Thanks for the anwsers on this question by @Will and @brentp.But here comes another question,which one is more accurate.As the N grows, the error grows.
Here are the codes:
from math import log, exp
from mpmath import loggamma
from scipy.stats import hypergeom
import time
def logchoose(ni, ki):
try:
lgn1 = loggamma(ni+1)
lgk1 = loggamma(ki+1)
lgnk1 = loggamma(ni-ki+1)
except ValueError:
#print ni,ki
raise ValueError
return lgn1 - (lgnk1 + lgk1)
def gauss_hypergeom(X, n, m, N):
"""Returns the probability of drawing X successes of m marked items
in n draws from a bin of N total items."""

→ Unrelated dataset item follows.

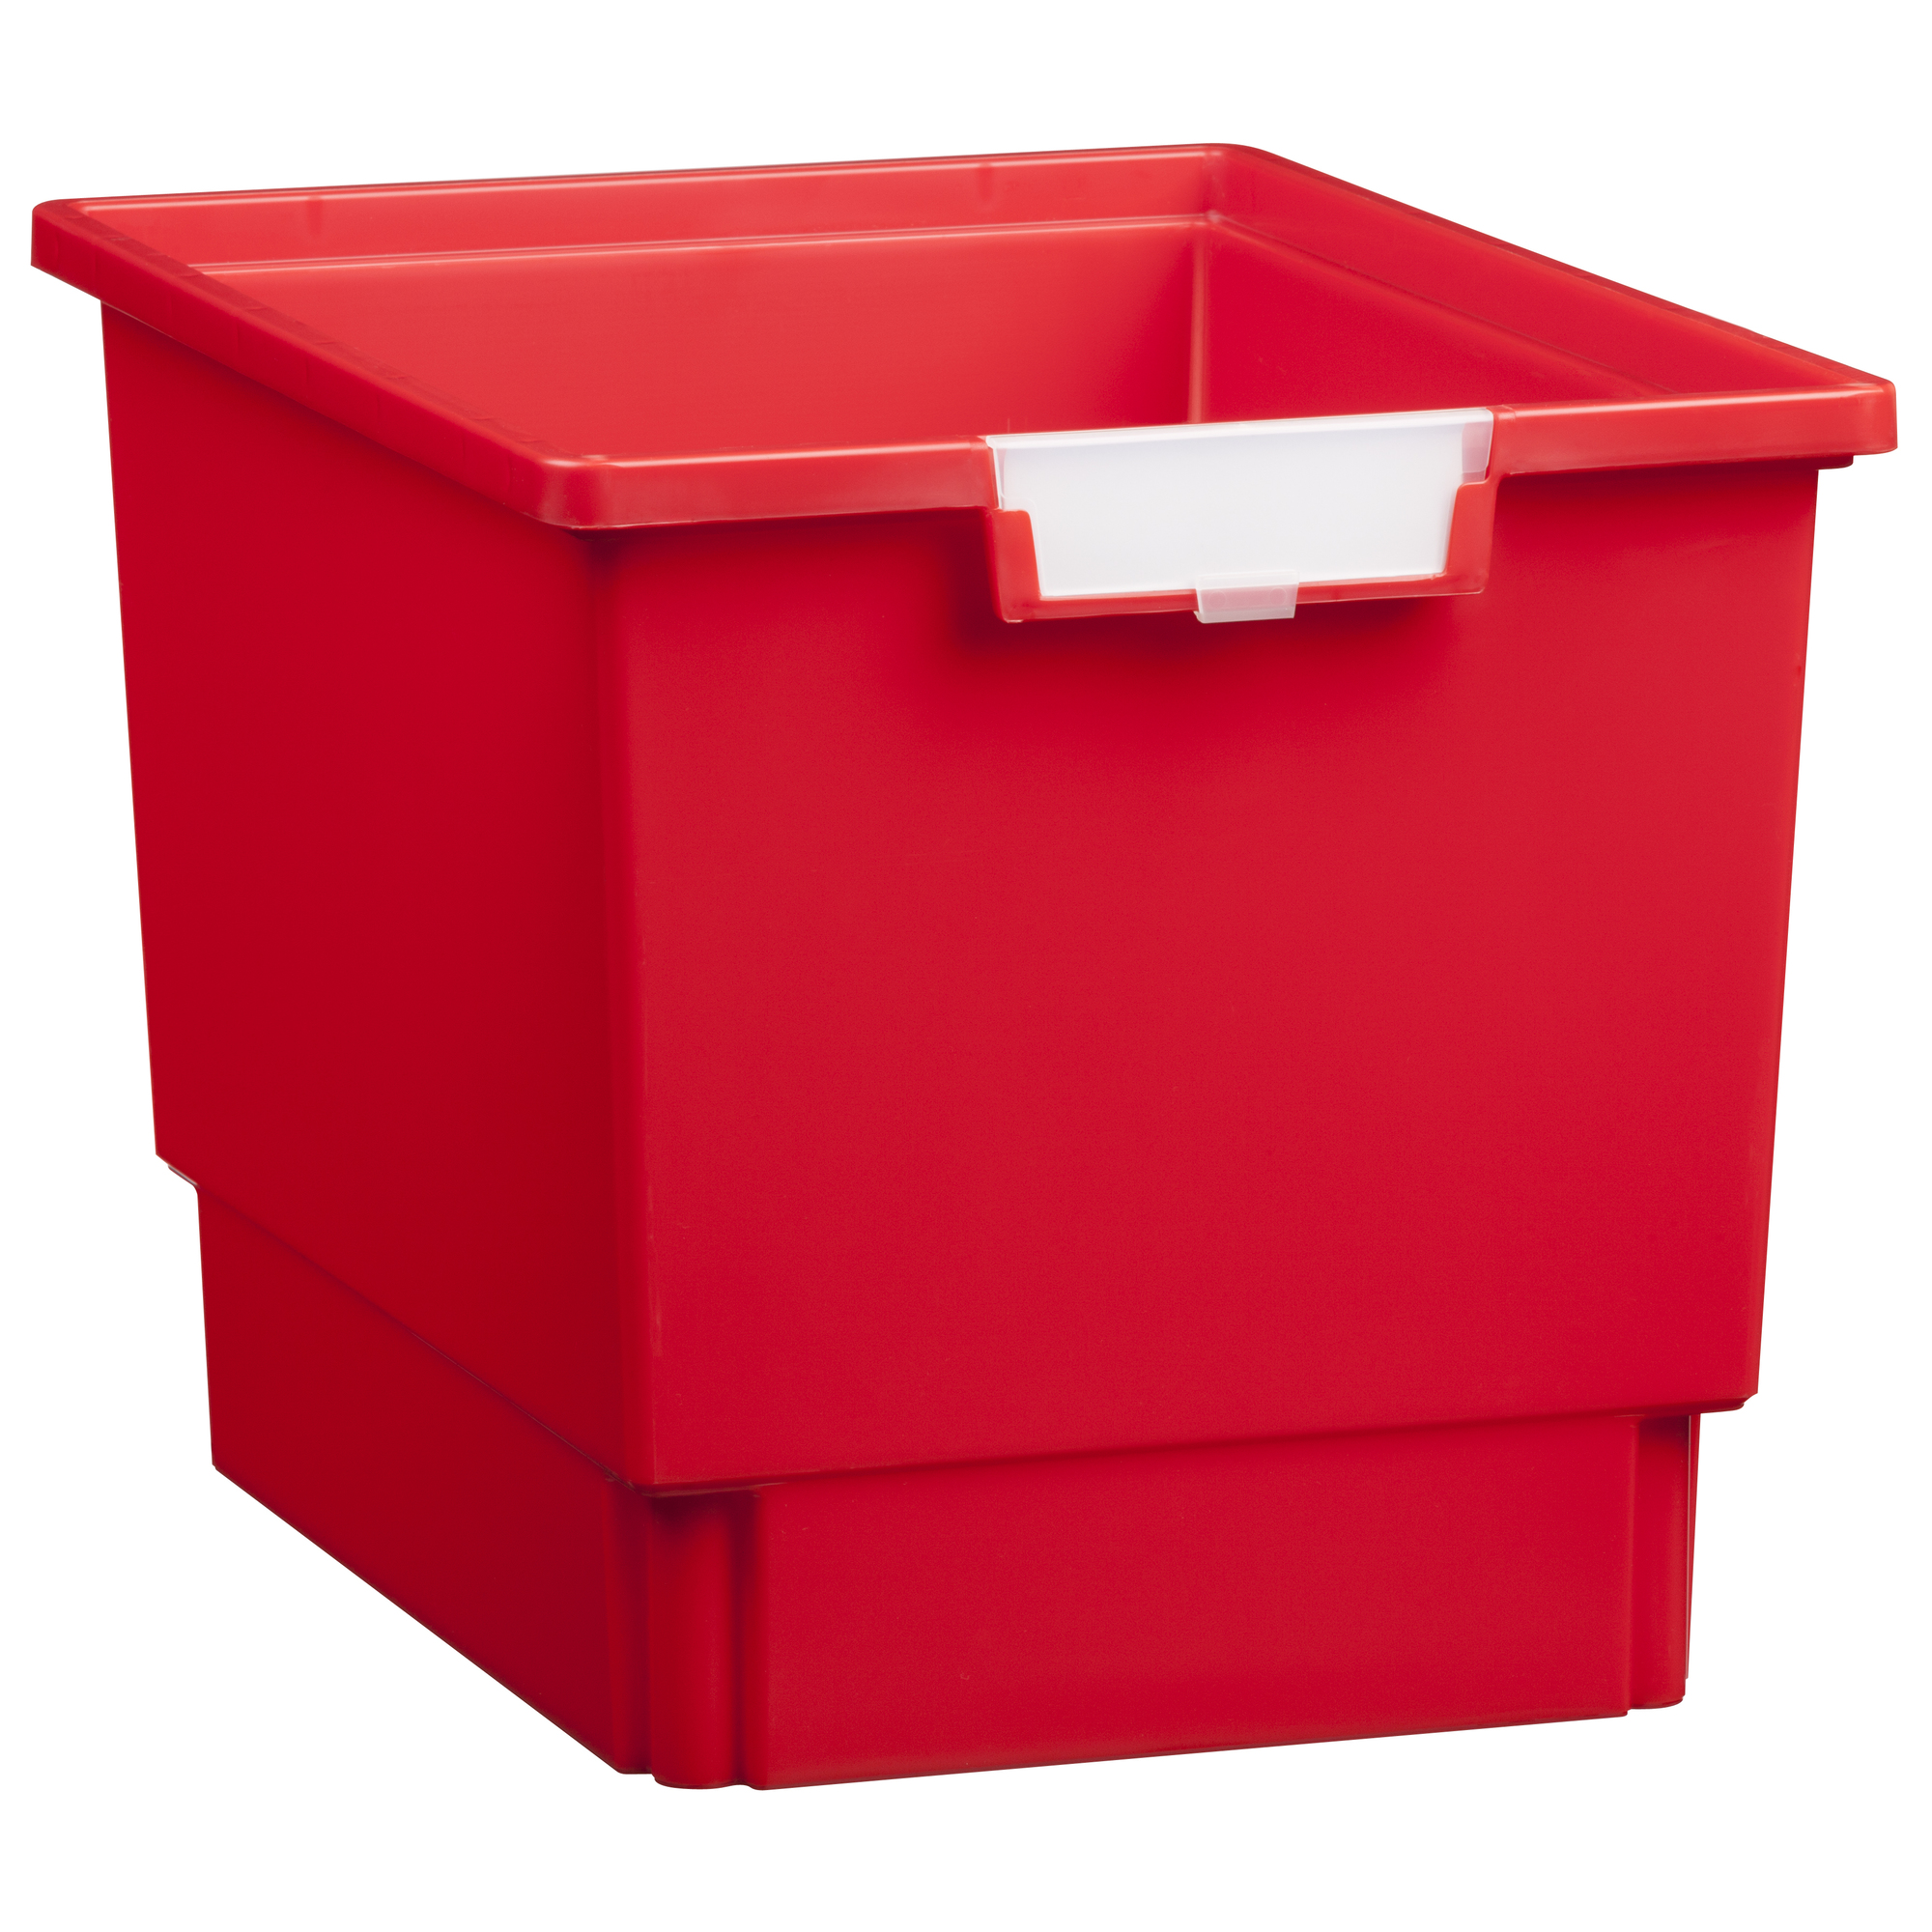 Certwood StorWerks, Slim Line 12Inch Tray in Primary Red-3PK, Included (qty.) 3 Height 12 in, Model CE1954PR3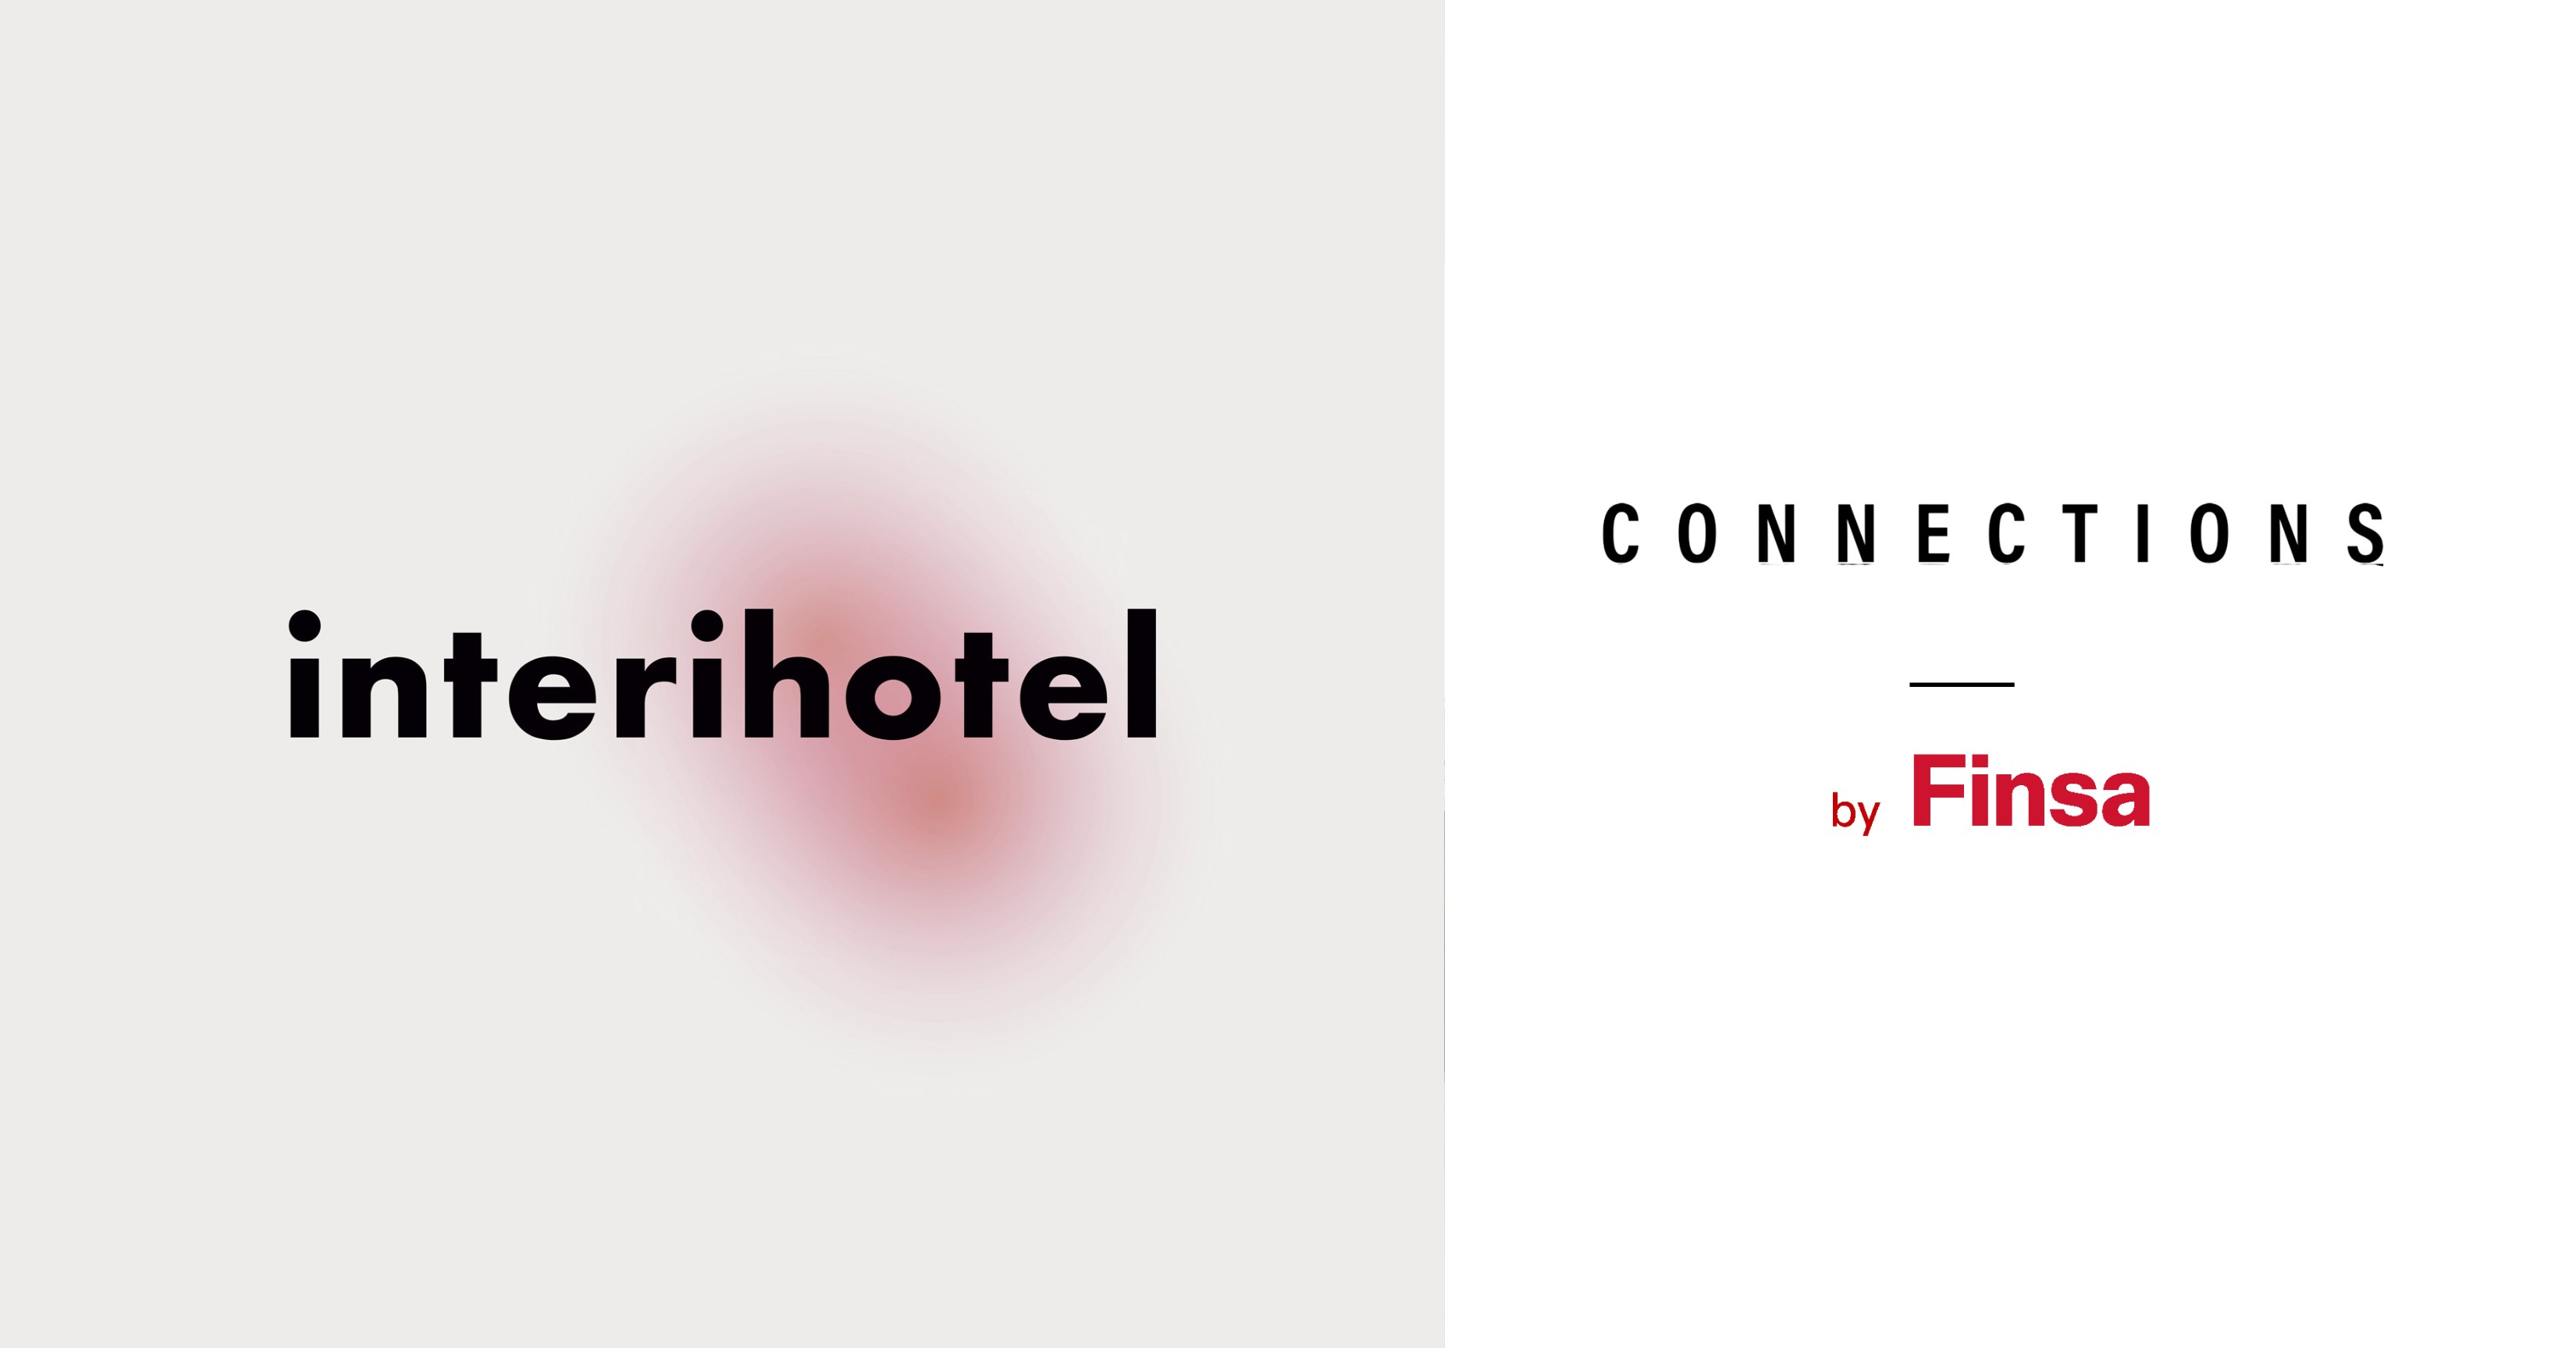 Interihotel 2023: much more than interior design for hotel rooms

assert N >= m, 'Number of items %i must be larger than the number of marked items %i' % (N, m)
assert m >= X, 'Number of marked items %i must be larger than the number of sucesses %i' % (m, X)
assert n >= X, 'Number of draws %i must be larger than the number of sucesses %i' % (n, X)
assert N >= n, 'Number of draws %i must be smaller than the total number of items %i' % (n, N)
r1 = logchoose(m, X)
try:
r2 = logchoose(N-m, n-X)
except ValueError:
return 0
r3 = logchoose(N,n)
return exp(r1 + r2 - r3)
def hypergeo_cdf(X, n, m, N):
assert N >= m, 'Number of items %i must be larger than the number of marked items %i' % (N, m)
assert m >= X, 'Number of marked items %i must be larger than the number of sucesses %i' % (m, X)
assert n >= X, 'Number of draws %i must be larger than the number of sucesses %i' % (n, X)
assert N >= n, 'Number of draws %i must be smaller than the total number of items %i' % (n, N)
assert N-m >= n-X, 'There are more failures %i than unmarked items %i' % (N-m, n-X)
s = 0
for i in range(0, X+1):
s += max(gauss_hypergeom(i, n, m, N), 0.0)
return min(max(s,0.0), 1)
def hypergeo_sf(X, n, m, N):
assert N >= m, 'Number of items %i must be larger than the number of marked items %i' % (N, m)
assert m >= X, 'Number of marked items %i must be larger than the number of sucesses %i' % (m, X)
assert n >= X, 'Number of draws %i must be larger than the number of sucesses %i' % (n, X)
assert N >= n, 'Number of draws %i must be smaller than the total number of items %i' % (n, N)
assert N-m >= n-X, 'There are more failures %i than unmarked items %i' % (N-m, n-X)
s = 0
for i in range(X, min(m,n)+1):
s += max(gauss_hypergeom(i, n, m, N), 0.0)
return min(max(s,0.0), 1)
print "\n800"
start=time.time()
print "log\t",hypergeo_cdf(20,60,80,800),hypergeo_sf(20,60,80,800),time.time()-start
start=time.time()
print "scipy\t",hypergeom.cdf(20,800,80,60),hypergeom.sf(19,800,80,60),time.time()-start
print "\n8000"
start=time.time()
print "log\t",hypergeo_cdf(200,600,800,8000),hypergeo_sf(200,600,800,8000),time.time()-start
start=time.time()
print "scipy\t",hypergeom.cdf(200,8000,800,600),hypergeom.sf(199,8000,800,600),time.time()-start
print "\n80000"
start=time.time()
print "log\t",hypergeo_cdf(200,600,800,80000),hypergeo_sf(200,600,800,80000),time.time()-start
start=time.time()
print "scipy\t",hypergeom.cdf(200,80000,800,600),hypergeom.sf(199,80000,800,600),time.time()-start
And the result is below:
800
log 0.999999970682 1.77621863705e-07 0.0460000038147
scipy 0.999999970682 1.77621235498e-07 0.00399994850159
8000
log 0.999999999993 2.81852829734e-61 0.466000080109
scipy 1.0 -9.94981874669e-13 0.0139999389648
80000
log 1 2.32353743034e-249 0.475000143051
scipy 0.999999999924 7.60518314991e-11 0.184000015259
As we can see, scipy is faster.But I wonder which one is more accurate.The result is nearly the same when N is small.
and btw ... the
timeit
module in the python standard library makes things like this much easier.I'm newbie...Thanks for your advice.